_YOUR TASK_
Start at the line with "Mondoweiss protecting Jew hate" in the records below, stop at the line with "Gillespie County Fair", and return every line in that span exactly, the two end lines included.

#### DATA EXTRACT

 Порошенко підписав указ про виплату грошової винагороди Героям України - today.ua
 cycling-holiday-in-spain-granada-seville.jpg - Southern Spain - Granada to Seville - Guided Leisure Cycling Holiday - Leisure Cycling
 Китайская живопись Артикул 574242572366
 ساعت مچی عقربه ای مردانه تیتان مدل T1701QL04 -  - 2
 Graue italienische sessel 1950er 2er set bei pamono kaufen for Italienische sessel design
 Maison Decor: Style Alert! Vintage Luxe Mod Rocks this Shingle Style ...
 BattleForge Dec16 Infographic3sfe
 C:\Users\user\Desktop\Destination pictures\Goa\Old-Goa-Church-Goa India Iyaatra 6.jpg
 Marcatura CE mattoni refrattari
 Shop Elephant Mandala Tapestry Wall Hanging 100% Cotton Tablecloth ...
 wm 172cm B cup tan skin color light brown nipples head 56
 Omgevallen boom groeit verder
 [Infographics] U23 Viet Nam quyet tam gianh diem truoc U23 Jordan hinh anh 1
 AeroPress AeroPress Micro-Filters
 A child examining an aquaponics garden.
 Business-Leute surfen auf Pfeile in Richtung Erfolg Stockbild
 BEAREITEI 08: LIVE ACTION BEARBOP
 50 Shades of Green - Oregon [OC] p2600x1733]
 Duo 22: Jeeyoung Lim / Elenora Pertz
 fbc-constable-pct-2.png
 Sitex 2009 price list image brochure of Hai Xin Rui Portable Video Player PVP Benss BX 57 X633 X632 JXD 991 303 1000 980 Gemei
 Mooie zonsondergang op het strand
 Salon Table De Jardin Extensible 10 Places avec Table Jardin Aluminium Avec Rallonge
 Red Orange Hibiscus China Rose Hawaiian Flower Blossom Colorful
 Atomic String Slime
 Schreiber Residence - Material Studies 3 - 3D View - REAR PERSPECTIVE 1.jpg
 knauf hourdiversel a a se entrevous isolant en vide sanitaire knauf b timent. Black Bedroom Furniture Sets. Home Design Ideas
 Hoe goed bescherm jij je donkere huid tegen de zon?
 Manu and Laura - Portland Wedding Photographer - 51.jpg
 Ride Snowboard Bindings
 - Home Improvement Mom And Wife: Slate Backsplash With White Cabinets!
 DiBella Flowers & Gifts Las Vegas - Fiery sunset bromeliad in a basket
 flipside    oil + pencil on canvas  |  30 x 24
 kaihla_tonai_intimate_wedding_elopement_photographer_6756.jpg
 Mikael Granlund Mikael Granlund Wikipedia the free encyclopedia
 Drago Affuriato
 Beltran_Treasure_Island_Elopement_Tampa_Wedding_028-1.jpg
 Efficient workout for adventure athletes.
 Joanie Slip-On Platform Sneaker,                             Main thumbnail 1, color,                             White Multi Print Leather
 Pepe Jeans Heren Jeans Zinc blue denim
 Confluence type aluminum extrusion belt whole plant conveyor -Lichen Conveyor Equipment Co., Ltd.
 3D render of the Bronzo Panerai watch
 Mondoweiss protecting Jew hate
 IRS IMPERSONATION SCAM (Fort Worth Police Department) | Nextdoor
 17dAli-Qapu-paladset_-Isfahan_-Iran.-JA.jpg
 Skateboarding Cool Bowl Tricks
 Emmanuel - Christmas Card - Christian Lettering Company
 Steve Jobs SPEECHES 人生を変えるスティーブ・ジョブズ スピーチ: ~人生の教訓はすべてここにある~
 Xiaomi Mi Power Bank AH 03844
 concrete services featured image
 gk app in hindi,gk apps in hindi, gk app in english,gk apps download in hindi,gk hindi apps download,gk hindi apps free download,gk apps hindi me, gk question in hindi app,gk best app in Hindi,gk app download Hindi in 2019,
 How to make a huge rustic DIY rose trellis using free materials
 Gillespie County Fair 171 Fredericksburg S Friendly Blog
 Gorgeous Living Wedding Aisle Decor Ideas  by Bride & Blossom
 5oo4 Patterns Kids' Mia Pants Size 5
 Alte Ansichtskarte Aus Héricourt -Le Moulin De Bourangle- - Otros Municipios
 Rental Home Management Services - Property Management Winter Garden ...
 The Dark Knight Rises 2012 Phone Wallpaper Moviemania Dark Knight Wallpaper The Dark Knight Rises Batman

########

_WRITTEN RESPONSE_
 Mondoweiss protecting Jew hate
 IRS IMPERSONATION SCAM (Fort Worth Police Department) | Nextdoor
 17dAli-Qapu-paladset_-Isfahan_-Iran.-JA.jpg
 Skateboarding Cool Bowl Tricks
 Emmanuel - Christmas Card - Christian Lettering Company
 Steve Jobs SPEECHES 人生を変えるスティーブ・ジョブズ スピーチ: ~人生の教訓はすべてここにある~
 Xiaomi Mi Power Bank AH 03844
 concrete services featured image
 gk app in hindi,gk apps in hindi, gk app in english,gk apps download in hindi,gk hindi apps download,gk hindi apps free download,gk apps hindi me, gk question in hindi app,gk best app in Hindi,gk app download Hindi in 2019,
 How to make a huge rustic DIY rose trellis using free materials
 Gillespie County Fair 171 Fredericksburg S Friendly Blog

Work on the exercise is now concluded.